Although Ethiopia is one of the few countries that are endowed with large frankincense resources, little proper exploitation of this resource has been made so far (i.e., the export market from Ethiopia has been weakened) due to inconsistent supply and ambiguity of grades [11]. Of the three Boswellia species found in Ethiopia, frankincense resin obtained from B. papyrifera is the most widely traded frankincense accounting for over 90% of the natural gum exported. The frankincense obtained from B. rivae and B. neglecta species is yet not of export standard [12]. As reported by Assefa et al. [13] basis for selection of export item and the respective price quotations need to be revised to reflect contents of ingredients sought after by buyers. Ethiopia will be more benefited from the export of these items provided efforts are made to develop these resources more than the current situation. However, there is paucity of information on chemical quality variations between the export standard frankincense (B. papyrifera) and the other two Boswellia species (B. rivae and B. neglecta) which are not of export standard. This study is, therefore, initiated for comparative purpose, where essential oil and methanol extract composition of one species were contrasted with the other(s) to characterize the chemical classes of constituents present and to find chemotaxonomical markers, among these constituents, for the three Boswellia species.

2. Materials and Methods

2.1. Description of Sampling Sites and Sample Collection

The resin samples of frankincense (Boswellia species) used for this study were collected in August 2011 from northwestern and southeastern Ethiopia. From northwestern Ethiopia, three sites were selected: Metema from Amhara region, Humera from Tigray regional state, and Metekel from Benishangul Gumuz regional state. From these sites, exudates were collected from B. papyrifera. Samples from southeastern part of the country were collected from three districts, namely, Mega, Dubuluk, and Wachile from Borana zone of Oromiya region. In these entire three sites, one dominant species known as B. neglecta is widely grown. Then samples were also collected from Filtu, Chereti, and Dolo Odo districts of Somalia regional state. In these sites, B. rivae was dominant. The studied samples were an authentic sample which are certified for their authenticity by Agricultural Department of the Ethiopian Government Natural Gum Processing and Marketing Enterprise. The geographical locations of the districts are given in Table 1.

tab1
Table 1: Geographical locations of the study areas.

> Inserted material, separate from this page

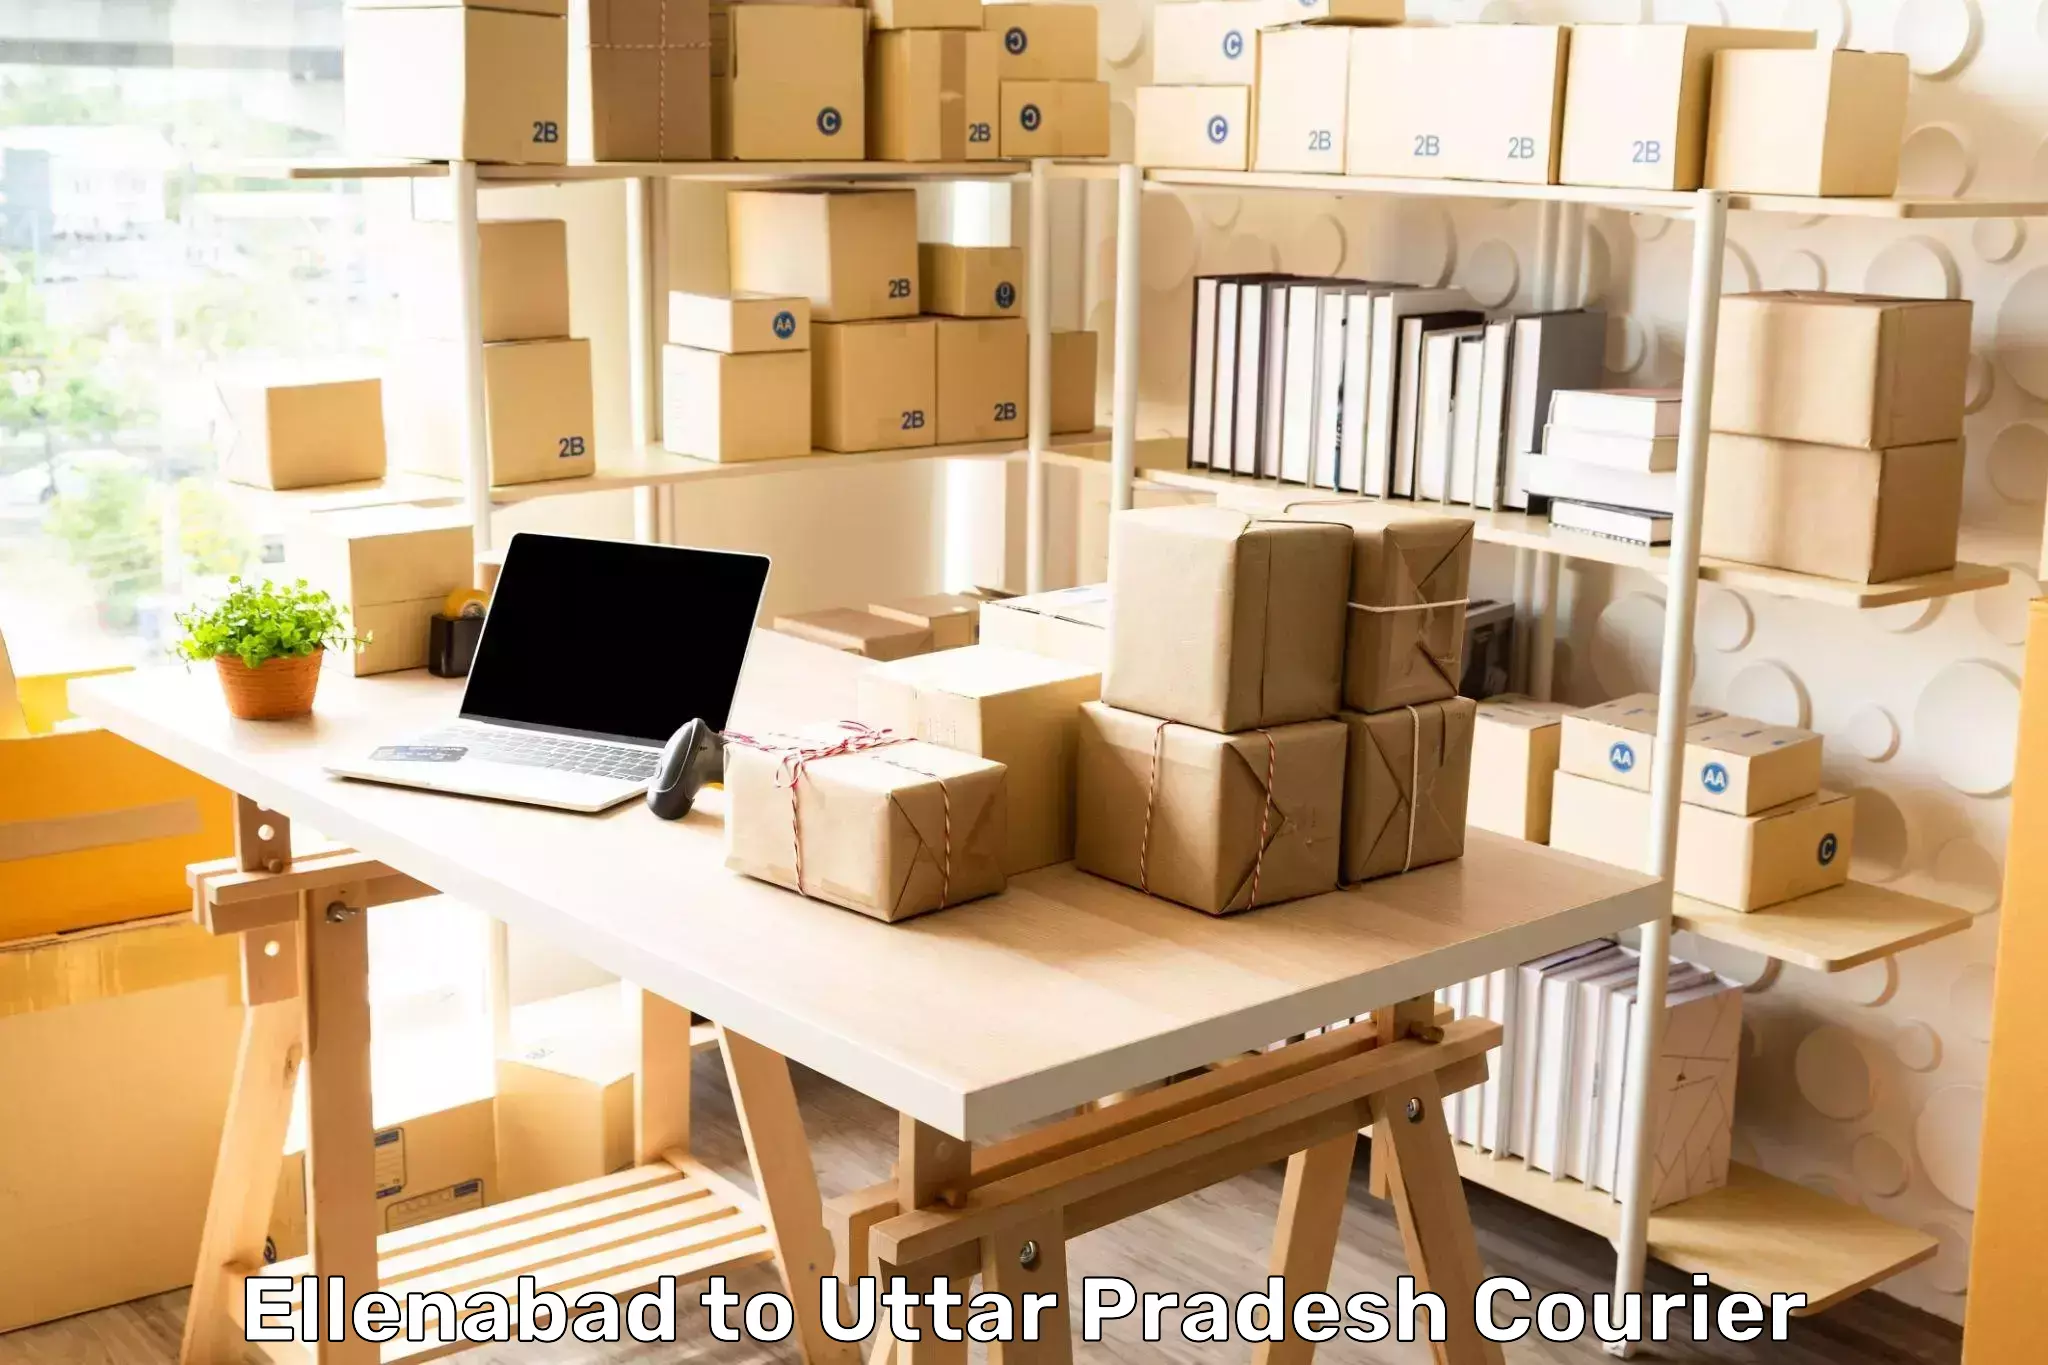 Package forwarding Ellenabad to Uttar Pradesh

2.2. Chemicals and Reagents

All chemicals and reagents used were of analytical grade. Chloroform (99.9%) and methanol (99.8%) were purchased from Merck (Darmstadt, Germany). Anhydrous sodium sulfate was purchased from Fluka (Buchs, Switzerland).

2.3. Equipment and Instruments

Polyethylene plastic bags, ceramic mortar and pestle (Haldenwanger, Germany), a digital analytical balance (Mettler Toledo, Model AG 204, Switzerland), round bottom flask (Mumbai, India), Clevenger apparatus (Rac, India), rotary evaporator and heating mantle (Buchi, Switzerland), Gas chromatography (Monza, Italy), Gas chromatography-mass spectrometry (PerkinElmer, USA), and syringes (Hamilton Bonaduz AG, Switzerland) are among the equipment and instruments that were used in the study.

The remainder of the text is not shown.